Chaque semaine, Quentin Dickinson revient sur des thèmes de l'actualité européenne sur euradio.
L’hiver approche à grands pas, et chacun a en tête les pénuries de médicaments de base dans toute l’Europe au cours des deux années précédentes. Cela se répétera-t-il cette année encore ? Et quelles en sont les causes ?
Les causes sont multiples, et désormais bien identifiées. Le phénomène déclencheur aura, indirectement, été la pandémie de la COVID-19, ou, plus exactement, les longues périodes de confinement qui ont eu pour effet d’affaiblir la résistance immunitaire de chacun d’entre nous, puisque nous n’étions plus endurcis par la confrontation quotidienne à quantité de virus courants et aux variations de température entre l’intérieur des habitations et le grand air à l’extérieur.
Mais la pandémie, on l’imagine, n’est pas seule en cause ?...
Vous avez raison. D’abord, les maladies saisonnières, comme la grippe ou les virus respiratoires, ont débuté plus tôt que les années précédentes, marquées par des hivers plus doux ; ces affections se sont également révélées plus virulentes qu’à l’accoutumée. A cela se sont ajoutées des épidémies imprévues de streptocoque A chez les enfants. Il n’en a fallu pas plus pour que les fabricants de médicaments soient pris de court.
Mais ce n’est pas tout, QD…
En effet, car le retour de l’inflation et l’invasion russe de l’Ukraine ont aussi leur part de responsabilité, en ce qu’elles auront augmenté considérablement les coûts de production des médicaments et mis en difficulté des pans entiers de l’industrie pharmaceutique, pourtant d’ordinaire plutôt prospère.
Et a-t-on pu mesurer l’étendue du désastre au niveau européen ?...
Oui. Une association paneuropéenne des officines de pharmacie (donc, des détaillants) a sondé ses membres ; le quart d’entre eux constatent un manque chronique portant sur plus de 600 médicaments. Les régulateurs nationaux confirment : la pénurie va de 300 (en Belgique) à 3.000 médicaments (en Italie).
Et comment réagissent les différents pays européens ?...
Comme toujours, le premier réflexe, c’est de parer au plus pressé et de faire sa tambouille chacun pour soi.
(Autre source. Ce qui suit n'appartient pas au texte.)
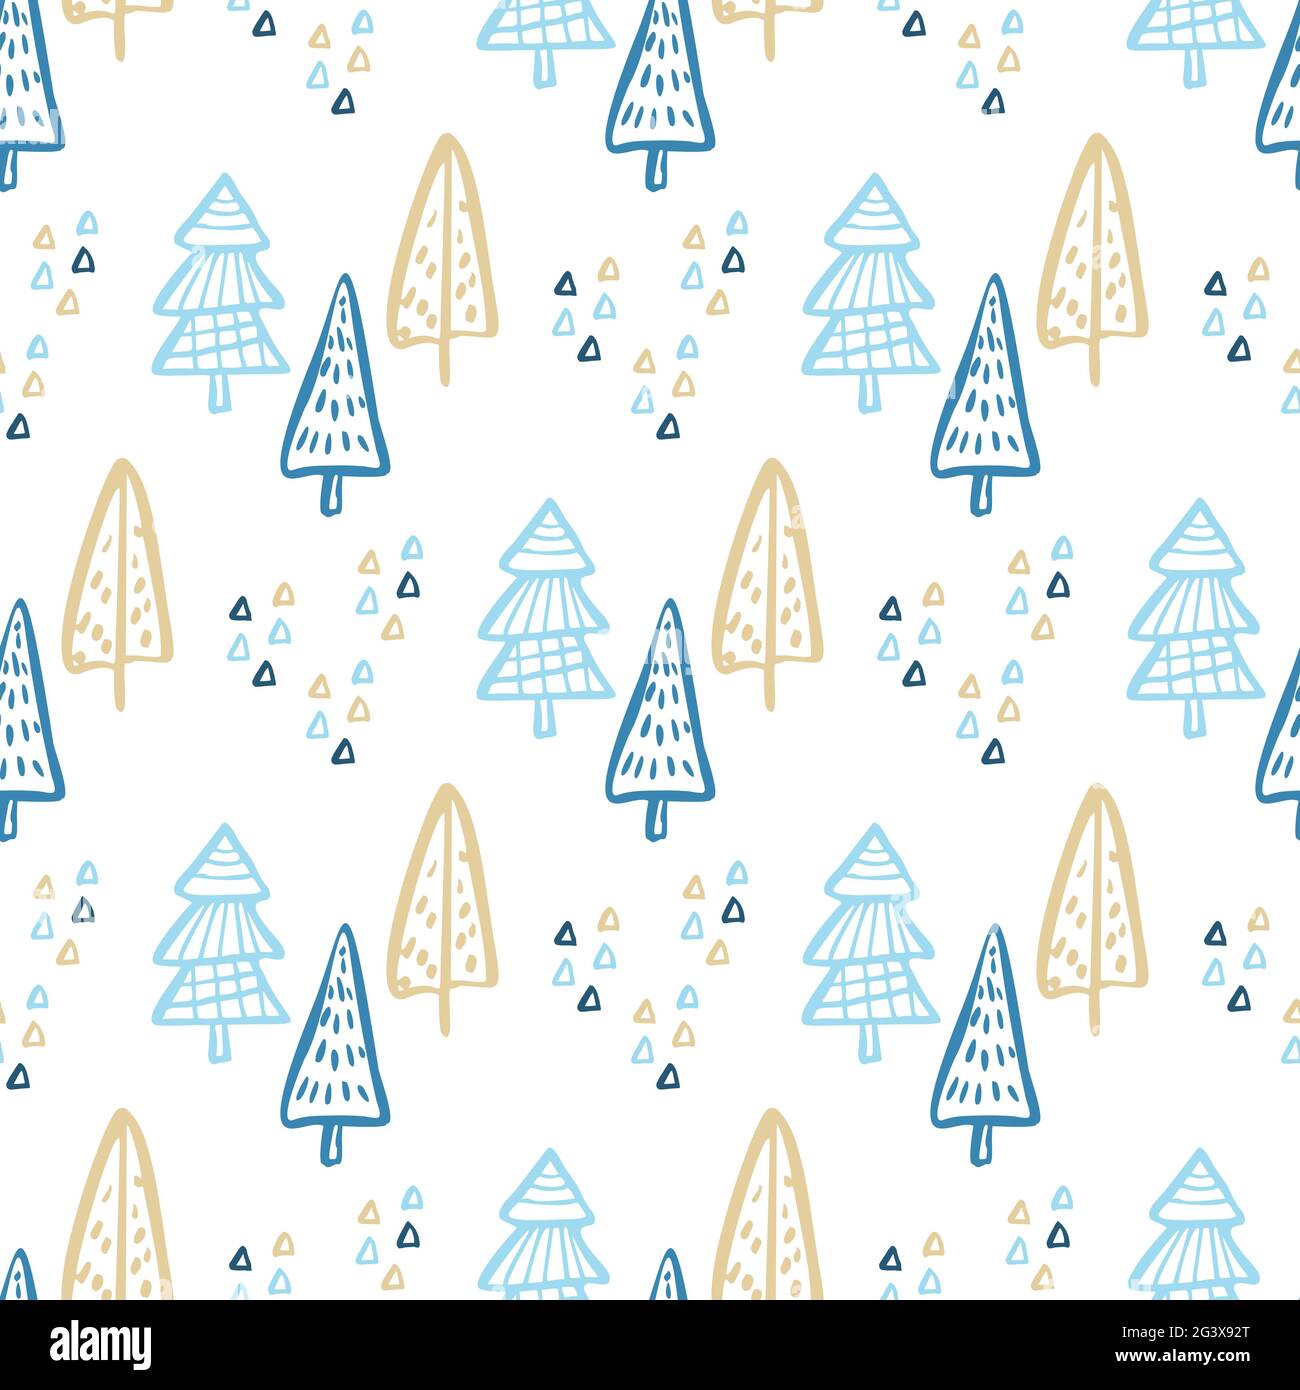 Christmas Tree Doodle Seamless Pattern. Winter Stylized Simple Fir

Il y a eu des interdictions d’exporter tel ou tel médicament, en conflit évident avec la logique du grand marché unique de l’UE ; et puis il y a eu des initiatives intéressantes, mais à portée limitée, telles la vente au nombre de pilules prescrites (et non par paquet), histoire de limiter le gaspillage, ou les bourses d’échanges de médicaments inutilisés, ou encore la fabrication par les pharmaciens de certains médicaments courants mais en forte demande, comme les antibiotiques, les antitussiques, le paracétamol pour enfants, ou les régulateurs de tension cardiaque.
Et l’Europe, dans tout ça, elle était aux abonnés absents ?...
Franchement, non. Il est vrai que la santé publique ne faisait pas partie des compétences traditionnelles de l’Union européenne – mais la COVID-19 est venue bousculer tout cela. Car chacun comprend qu’une mutualisation des stocks et des achats groupés permettent de faire face plus efficacement et pour moins cher.
L’Agence européenne des Médicaments voit donc son périmètre d’intervention élargi, et une Autorité européenne d’Anticipation et de Réaction en cas d’urgence sanitaire a vu le jour (curieusement baptisée HERA, comme la déesse romaine de la Femme – on ne voit pas vraiment le rapport).
Le calendrier est serré : il y a quinze jours, la Commission européenne s’est donnée jusqu’à la fin du mois pour mettre en place un mécanisme volontaire de solidarité entre pays-membres de l’UE ; pour la fin de l’année, elle aura publié la liste des médicaments critiques. En avril 2014, les chaînes d’approvisionnement seront définies. Des dérogations provisoires seront délivrées en tant que de besoin (par exemple, pour le prolongement de la durée de conservation d’un médicament). Et des campagnes d’achats en commun, au niveau européen, seront lancées, en particulier pour les antibiotiques et les produits destinés à combattre les virus respiratoires.
Vous voilà (un peu) rassuré, on l’espère ; mais sortez bien couvert quand même. La Commission européenne ne subventionnera pas votre chandail, votre bonnet, ni votre cache-nez, mais votre première ligne de défense contre les frimas et les vents coulis, ce sont eux.
Entretien réalisé par Laurence Aubron.